## TASK
Repeat the entries exactly. Leave nothing out.

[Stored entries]
[Start of section]

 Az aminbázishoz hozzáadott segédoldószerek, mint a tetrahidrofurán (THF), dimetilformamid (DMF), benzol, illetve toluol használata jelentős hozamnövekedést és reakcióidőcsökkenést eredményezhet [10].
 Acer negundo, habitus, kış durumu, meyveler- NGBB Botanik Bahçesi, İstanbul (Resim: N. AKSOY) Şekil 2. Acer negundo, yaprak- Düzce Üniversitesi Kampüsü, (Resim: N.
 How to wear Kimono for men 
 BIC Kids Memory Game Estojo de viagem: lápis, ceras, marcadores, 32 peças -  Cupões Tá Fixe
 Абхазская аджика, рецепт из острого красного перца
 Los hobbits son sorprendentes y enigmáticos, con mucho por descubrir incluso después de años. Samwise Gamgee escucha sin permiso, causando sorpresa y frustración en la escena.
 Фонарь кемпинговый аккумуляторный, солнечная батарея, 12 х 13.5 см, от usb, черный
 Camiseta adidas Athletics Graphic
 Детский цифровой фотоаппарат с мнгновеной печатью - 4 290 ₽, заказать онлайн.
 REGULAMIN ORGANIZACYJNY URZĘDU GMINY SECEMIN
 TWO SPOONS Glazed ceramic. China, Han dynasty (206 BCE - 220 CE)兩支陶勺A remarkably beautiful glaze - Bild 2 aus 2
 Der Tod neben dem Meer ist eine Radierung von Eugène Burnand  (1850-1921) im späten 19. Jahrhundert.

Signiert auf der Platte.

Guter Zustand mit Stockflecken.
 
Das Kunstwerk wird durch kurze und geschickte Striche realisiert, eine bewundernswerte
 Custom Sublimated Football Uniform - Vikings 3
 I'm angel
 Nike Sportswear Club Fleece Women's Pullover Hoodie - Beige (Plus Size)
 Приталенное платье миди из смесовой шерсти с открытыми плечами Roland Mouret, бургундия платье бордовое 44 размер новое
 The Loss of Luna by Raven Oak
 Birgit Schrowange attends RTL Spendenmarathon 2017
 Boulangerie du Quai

[End of section]

## OUTPUT
 Az aminbázishoz hozzáadott segédoldószerek, mint a tetrahidrofurán (THF), dimetilformamid (DMF), benzol, illetve toluol használata jelentős hozamnövekedést és reakcióidőcsökkenést eredményezhet [10].
 Acer negundo, habitus, kış durumu, meyveler- NGBB Botanik Bahçesi, İstanbul (Resim: N. AKSOY) Şekil 2. Acer negundo, yaprak- Düzce Üniversitesi Kampüsü, (Resim: N.
 How to wear Kimono for men 
 BIC Kids Memory Game Estojo de viagem: lápis, ceras, marcadores, 32 peças -  Cupões Tá Fixe
 Абхазская аджика, рецепт из острого красного перца
 Los hobbits son sorprendentes y enigmáticos, con mucho por descubrir incluso después de años. Samwise Gamgee escucha sin permiso, causando sorpresa y frustración en la escena.
 Фонарь кемпинговый аккумуляторный, солнечная батарея, 12 х 13.5 см, от usb, черный
 Camiseta adidas Athletics Graphic
 Детский цифровой фотоаппарат с мнгновеной печатью - 4 290 ₽, заказать онлайн.
 REGULAMIN ORGANIZACYJNY URZĘDU GMINY SECEMIN
 TWO SPOONS Glazed ceramic. China, Han dynasty (206 BCE - 220 CE)兩支陶勺A remarkably beautiful glaze - Bild 2 aus 2
 Der Tod neben dem Meer ist eine Radierung von Eugène Burnand  (1850-1921) im späten 19. Jahrhundert.

Signiert auf der Platte.

Guter Zustand mit Stockflecken.
 
Das Kunstwerk wird durch kurze und geschickte Striche realisiert, eine bewundernswerte
 Custom Sublimated Football Uniform - Vikings 3
 I'm angel
 Nike Sportswear Club Fleece Women's Pullover Hoodie - Beige (Plus Size)
 Приталенное платье миди из смесовой шерсти с открытыми плечами Roland Mouret, бургундия платье бордовое 44 размер новое
 The Loss of Luna by Raven Oak
 Birgit Schrowange attends RTL Spendenmarathon 2017
 Boulangerie du Quai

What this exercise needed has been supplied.